I think it’s okay that FCC takes away some channels if it means better cellphone signals and connectivity.

    Greg Martinez - December 24, 2019

    No argument there. It’s just that some compromises were made and for example there are now less physical channels available for TV broadcasts. This hasn’t had a big impact so far, but may cause some issues down the road with the rollout of Next Gen TV. But we’ll see.

N. Theis - January 3, 2020

Is it better to just get a rotator so I can rotate my antenna if I want a VHF then afterward a UHF?

    Greg Martinez - January 4, 2020

    Hi, if your antenna is dual VHF/UHF, then yes.

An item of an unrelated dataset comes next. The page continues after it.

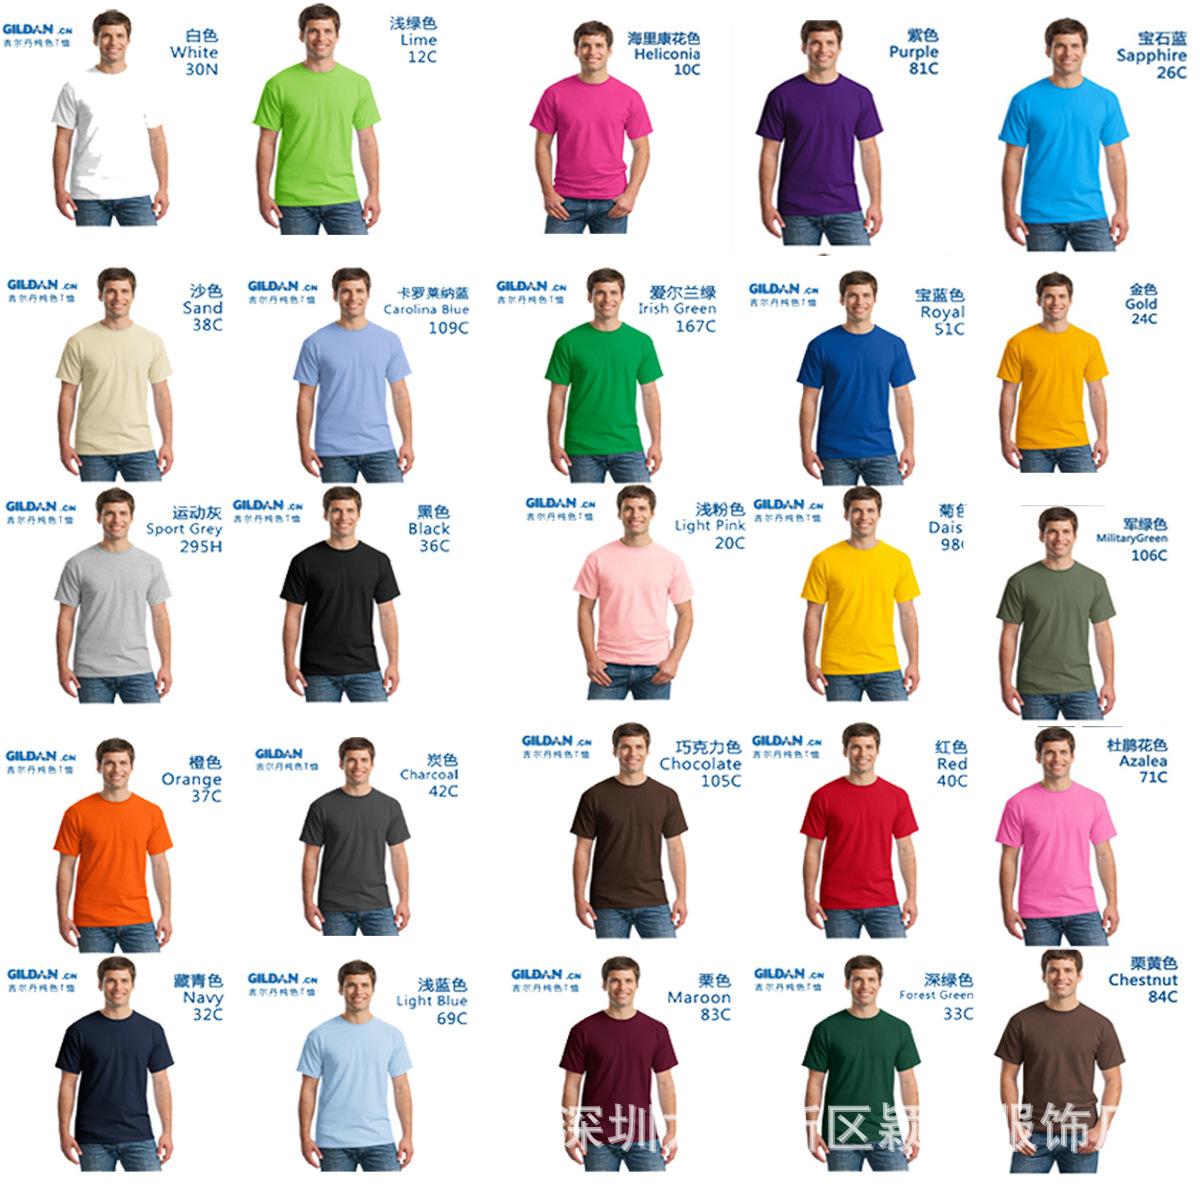 GILDAN吉爾丹76000男款進口圓領廣告文化T恤衫印花潮定制批發定制

Ethan Shackleford - January 25, 2020

Hello, I’m trying to have CBS station thats over 90 miles away from here, I’m thinking of using two antennas, one Omni directional and one super high gain directional to get the CBS channel. Any suggestions on a UHF directional antenna that might be able to receive signals from 90 miles away? I would really appreciate that thanks.

    Greg Martinez - January 26, 2020

    You’ll definitely want to consider a long-range directional antenna (I hope the terrain and lack of local interference factors support your desire to pick up broadcasts from 90 miles away). I normally recommend the Winegard HD8200U; take a look at the size dimensions before buying it though – it’s pretty big but should fit on your roof.

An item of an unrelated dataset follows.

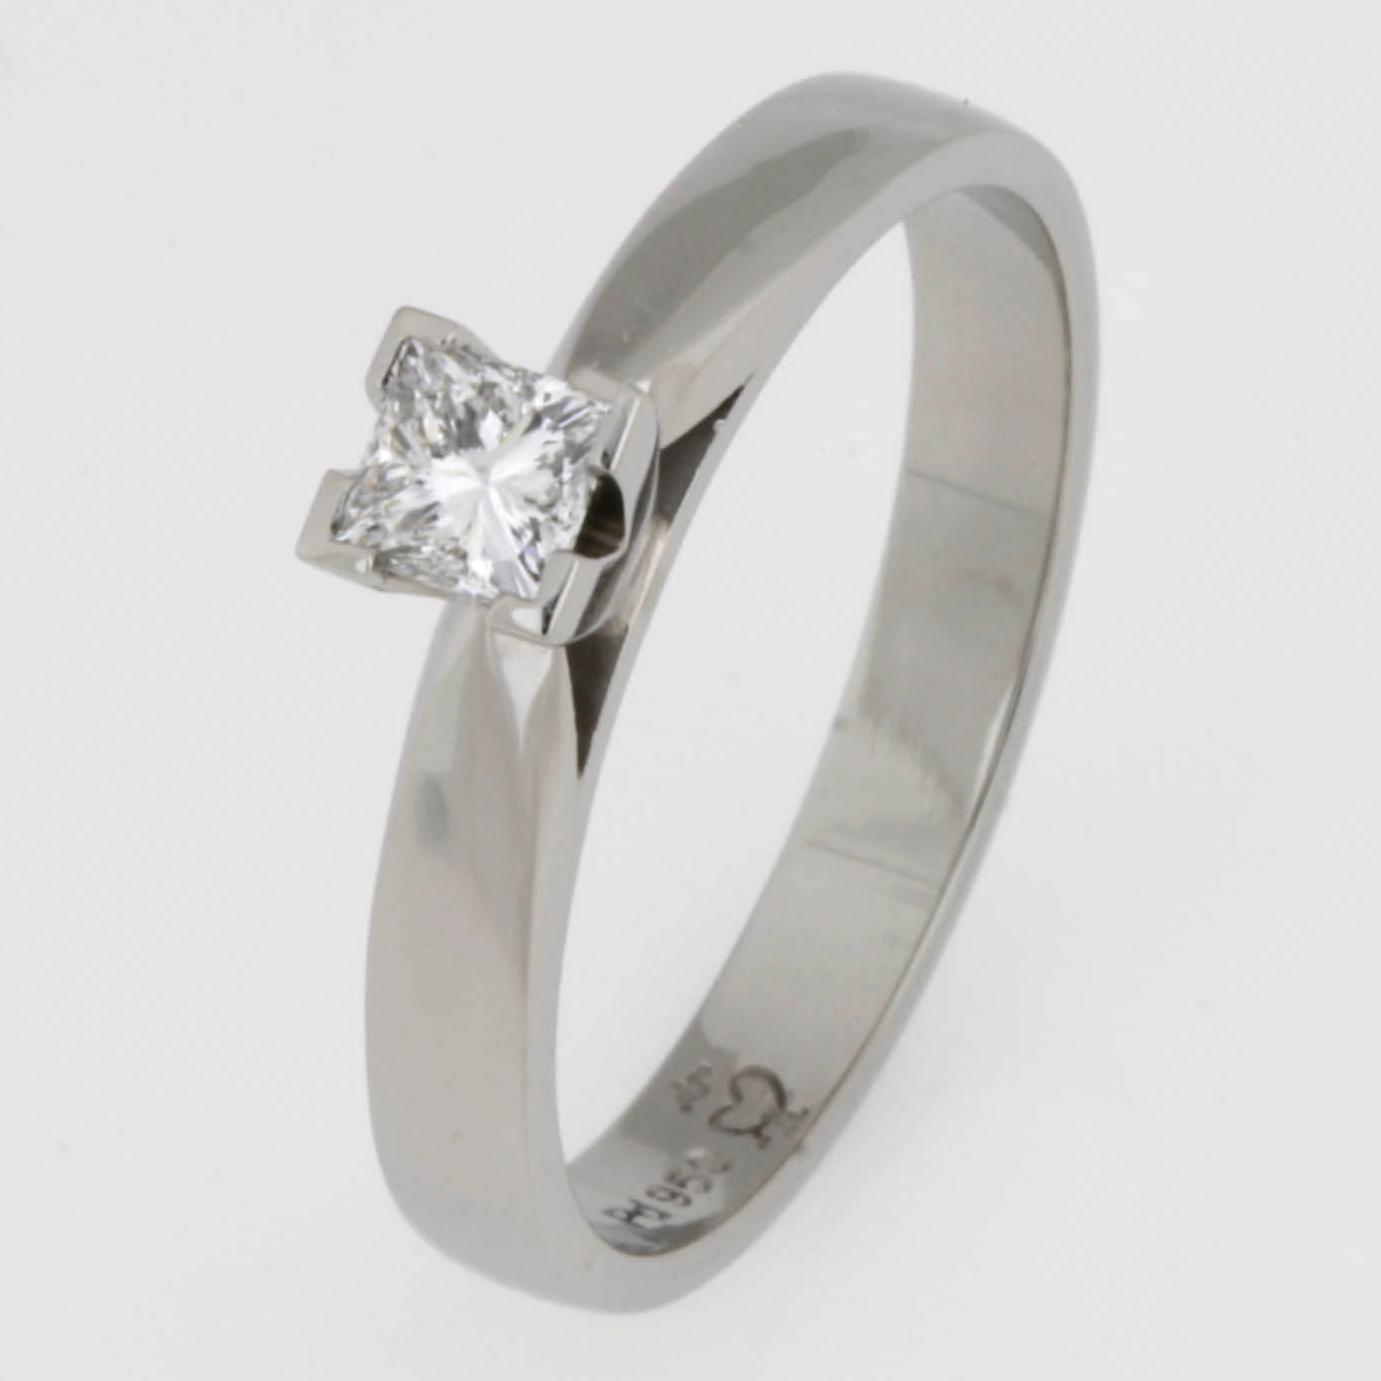 Handmade ladies engagement ring featuring a princess cut diamond

Chuck Clore - February 16, 2020

Here in my area BBC is the only VHF station. I have an attic antenna and everything else comes in very well. When I search for VHF antennas I keep seeing marine radio ones. If it has the right connections could I use this? Is it likely to be better than the VHF element on my antenna now?

    Greg Martinez - February 17, 2020

    To generalize, a VHF antenna would probably get better reception for that VHF station. But then you would miss out on UHF stations. It sounds like the VHF element isn’t working on your antenna? In that case I would consider replacing your attic antenna with a Winegard HD7694P, a dual frequency antenna that gets better VHF than most.

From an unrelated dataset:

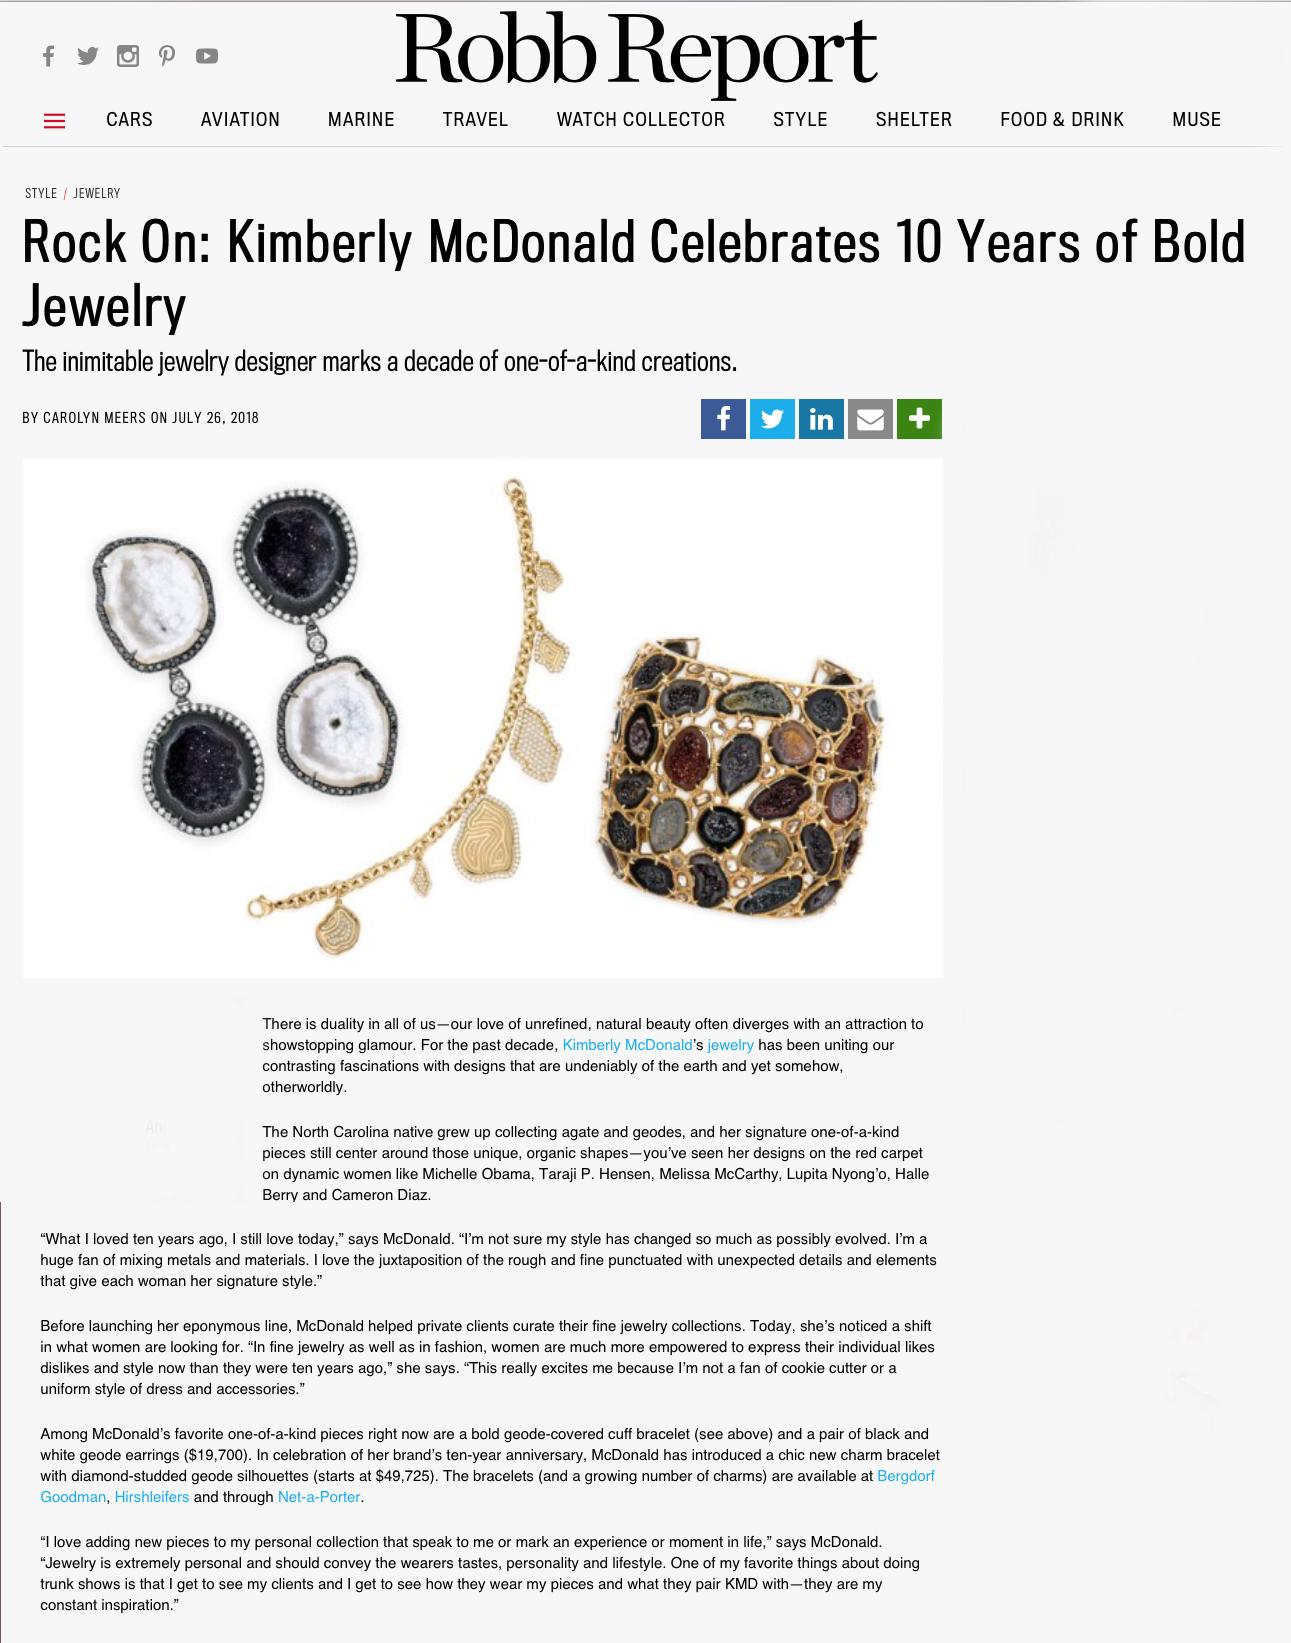 PRESS — Kimberly McDonald

DB Fullmer - April 4, 2020

What would be a good antenna that would allow me to get the UHF channels and VHF (WXIA and WPB)? Prefer indoor but attic could be an option also. Thanks!

    Greg Martinez - April 5, 2020

    Hi, try the Winegard HD7694P. That normally gets good dual reception!

Jim Navotney - March 9, 2021

Actually VHF is STILL the best frequency for long range reception and they still broadcast 1080i pictures just fine.
UHF signals have more than twice the path loss so they need high gain antennas to cover the same distance.
And VHF signals can bend around objects and penetrate trees that would block UHF signals.